> Requirement
When you write out the listing, keep each word exactly as it stands but include none of its images.

> Dataset section

◆ ◆ ◆

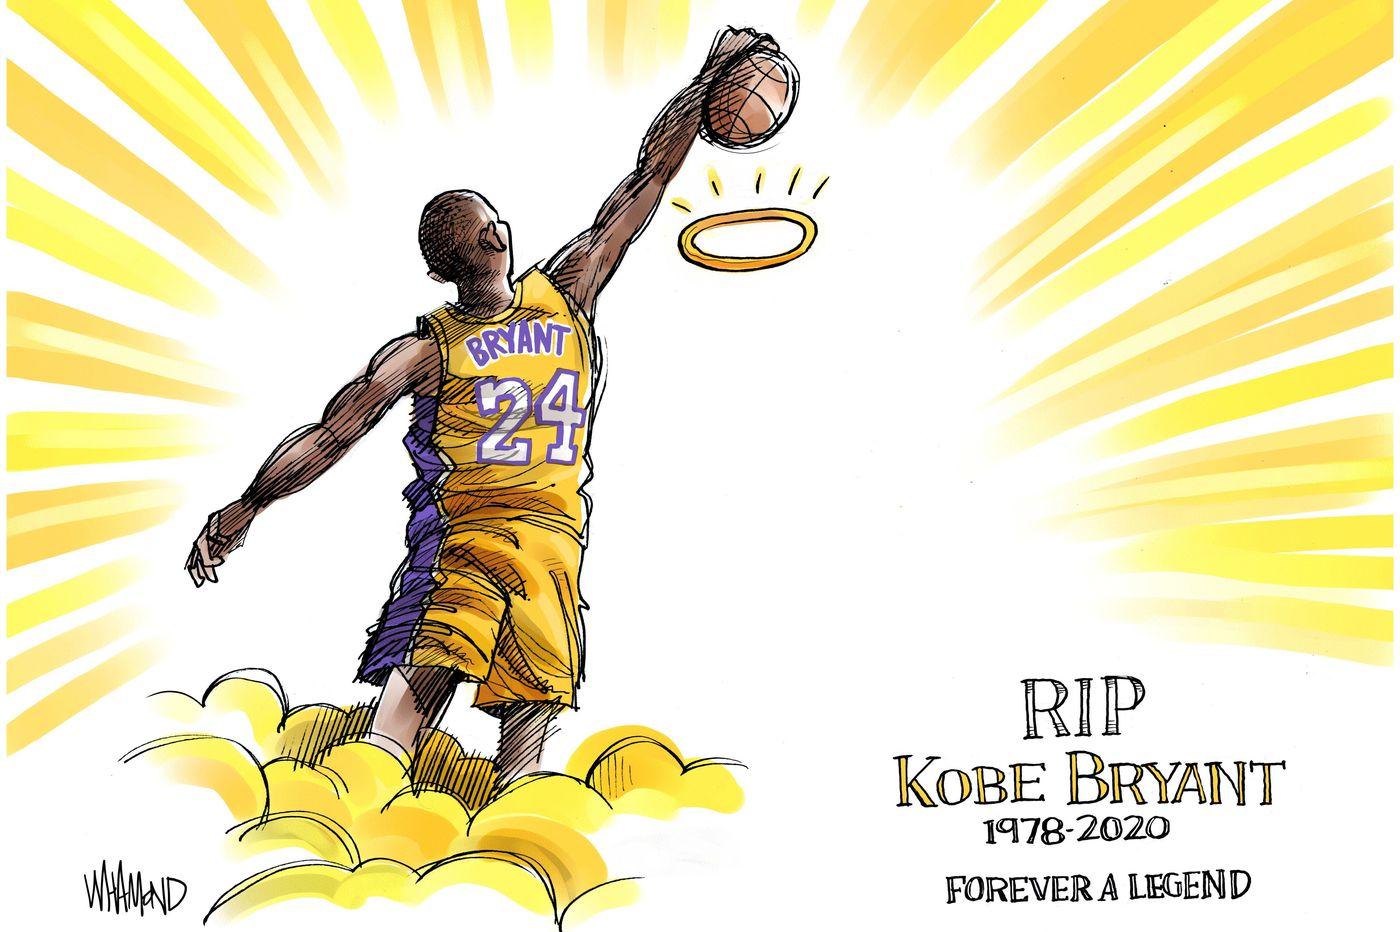 Cartoons Kobe Bryants death memorialized by artists around the 1400x932
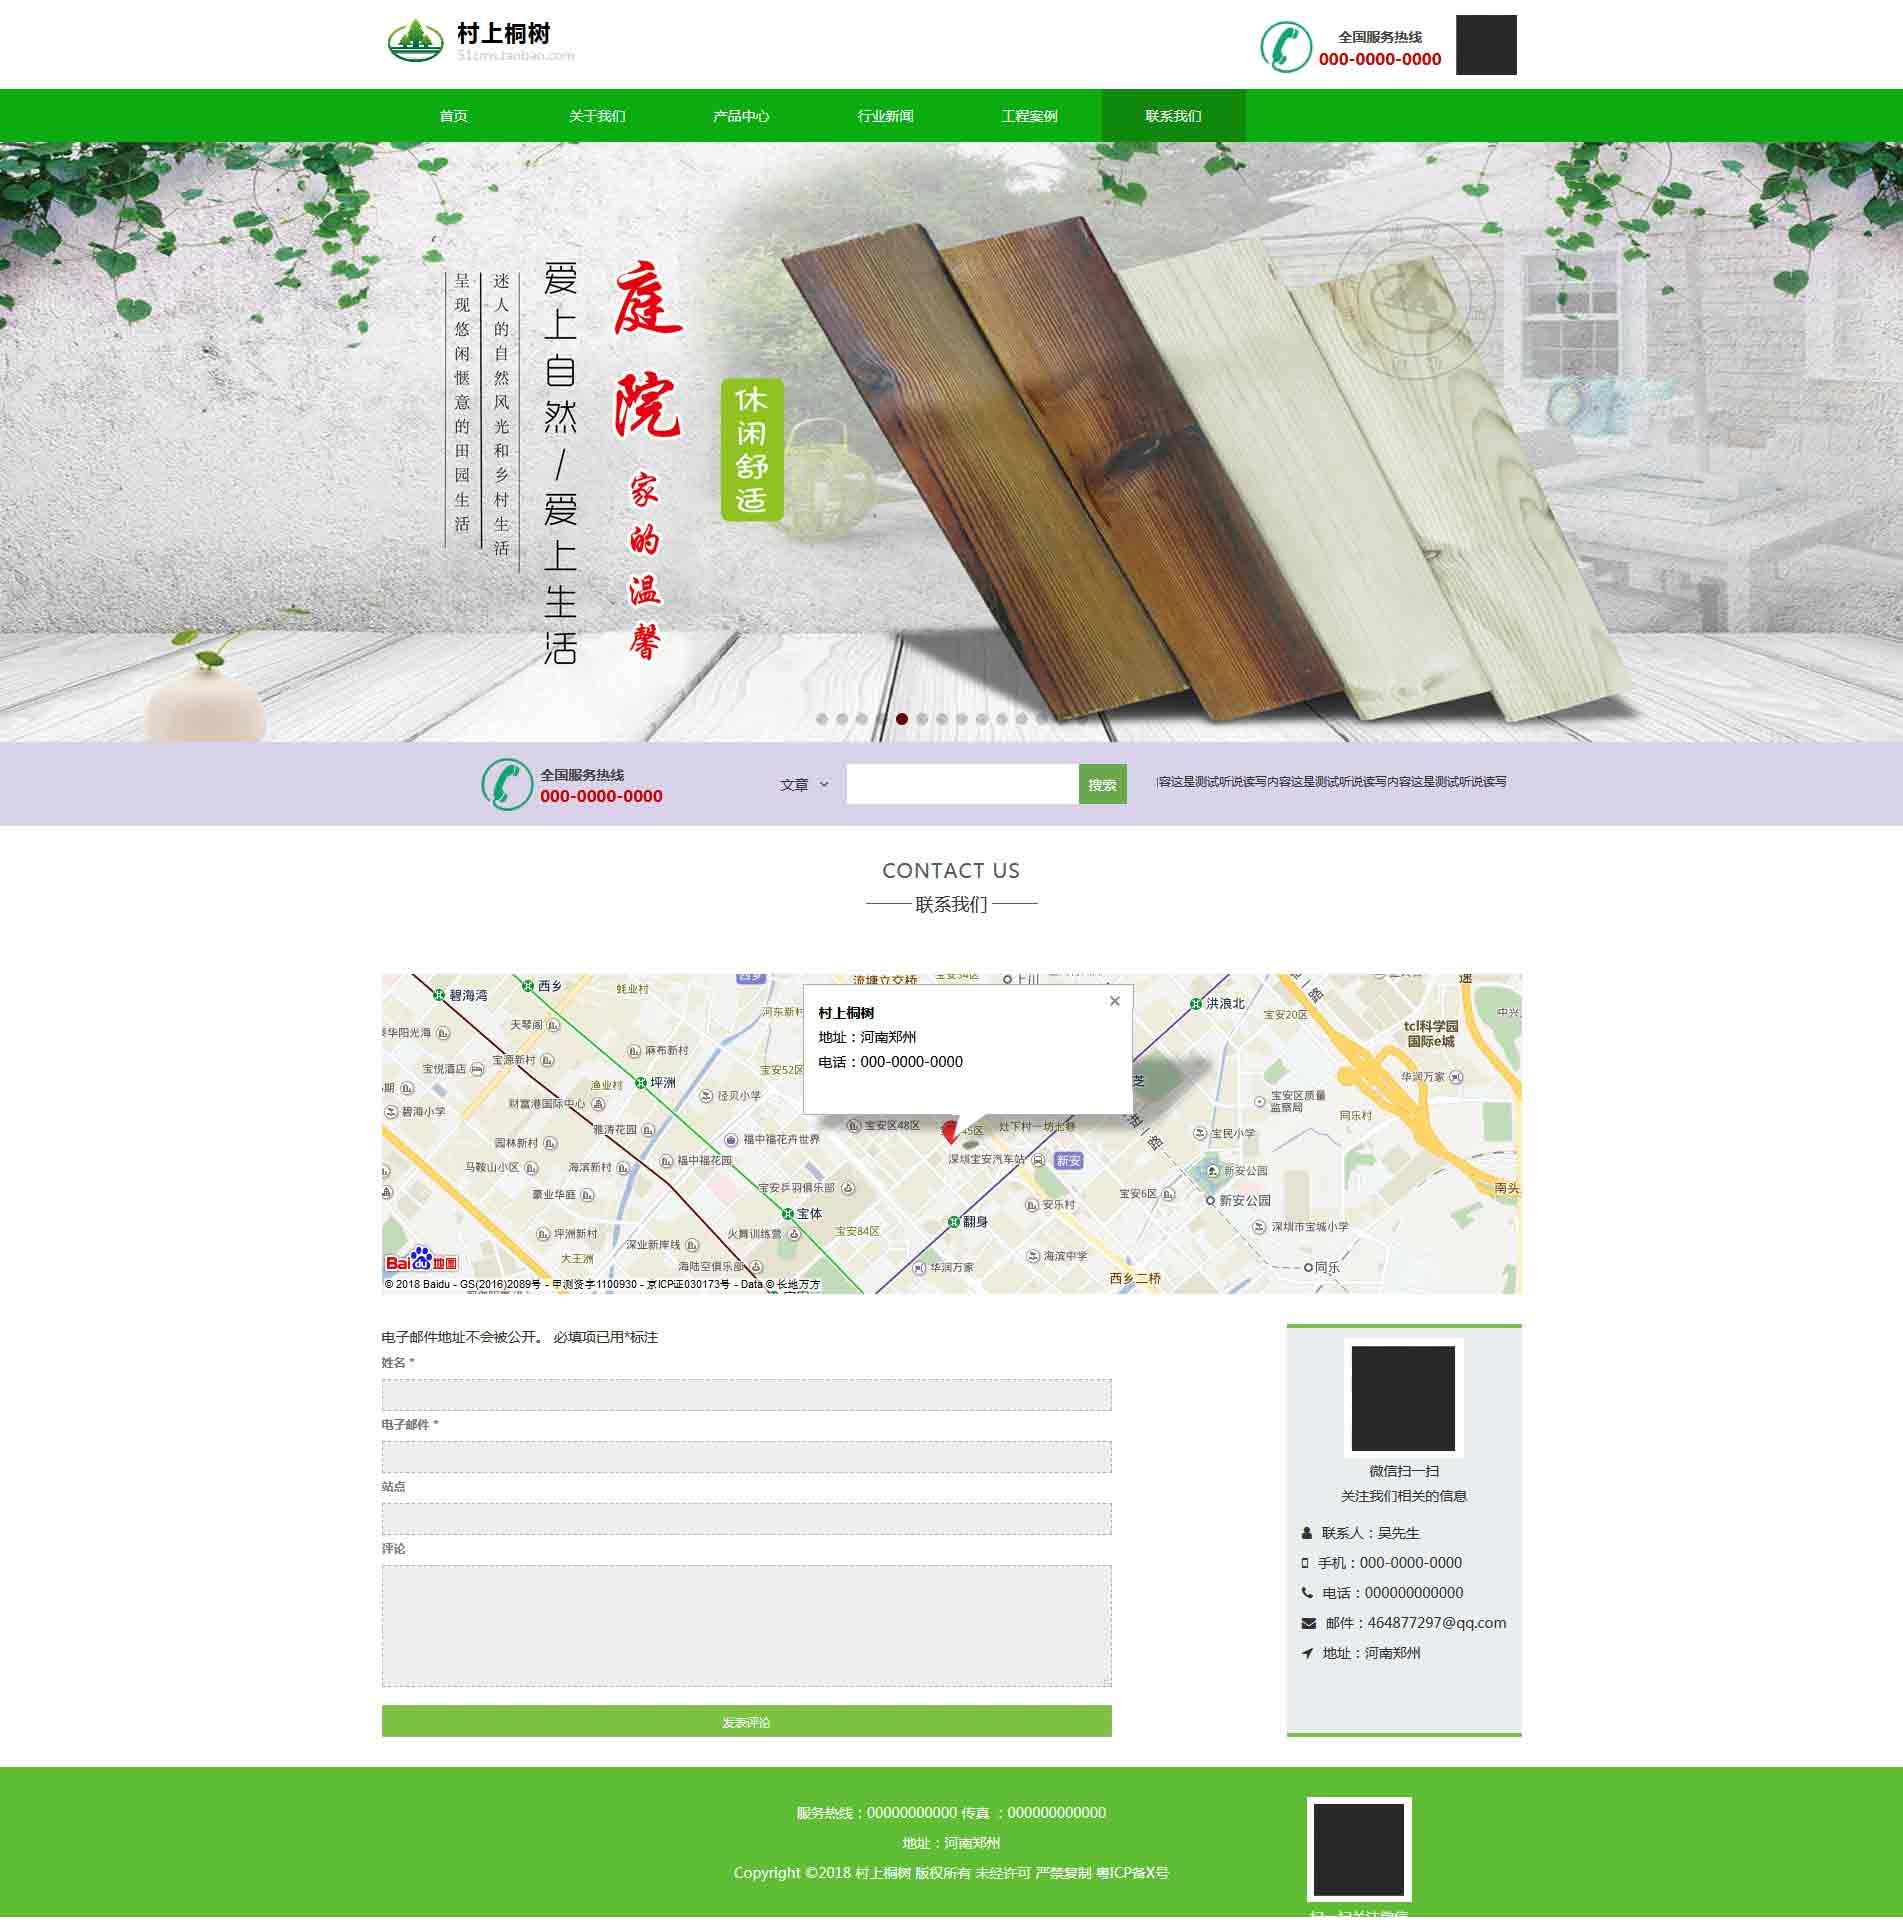 wordpress企业建站3合1布局,企业建站一条龙
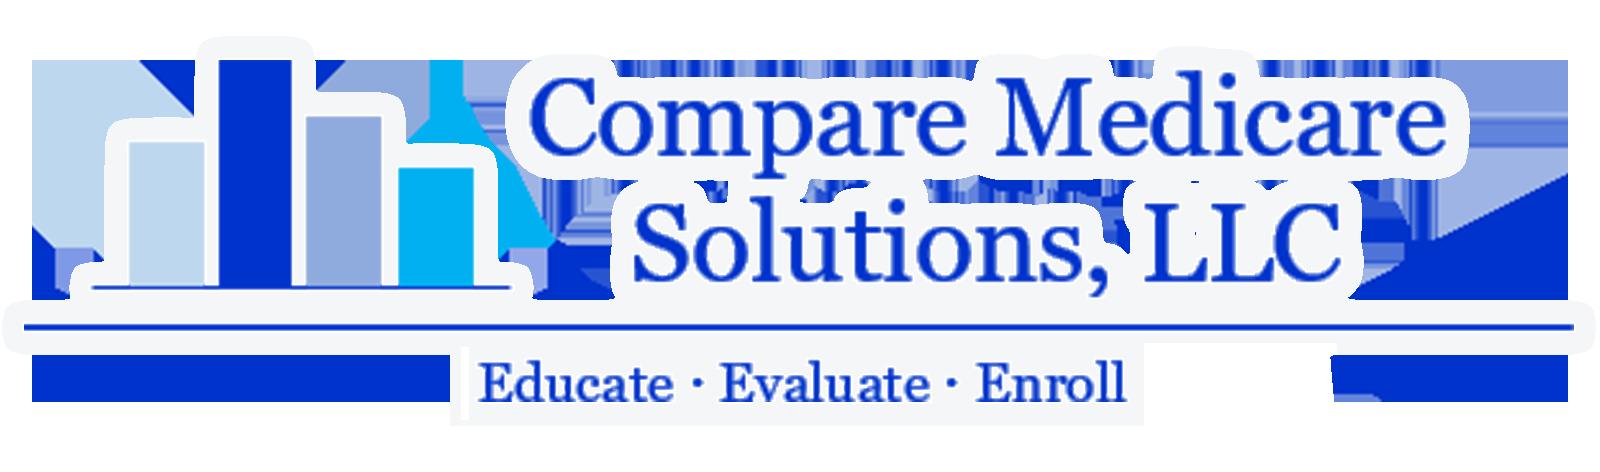 Compare Medicare Solutions
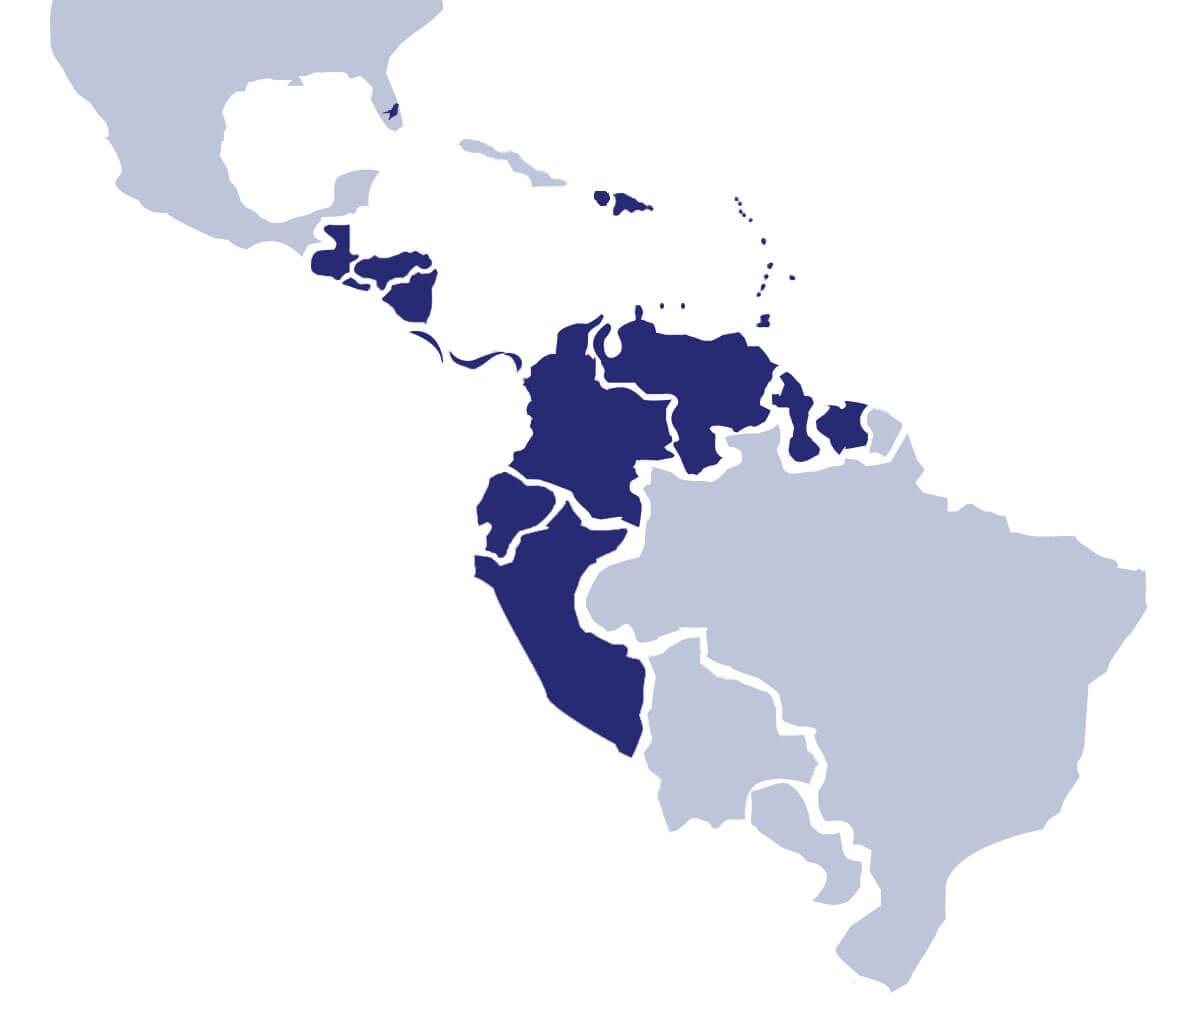 king ocean map

◆ ◆ ◆

> Task answer
 Cartoons Kobe Bryants death memorialized by artists around the 1400x932
 wordpress企业建站3合1布局,企业建站一条龙
 Compare Medicare Solutions
 king ocean map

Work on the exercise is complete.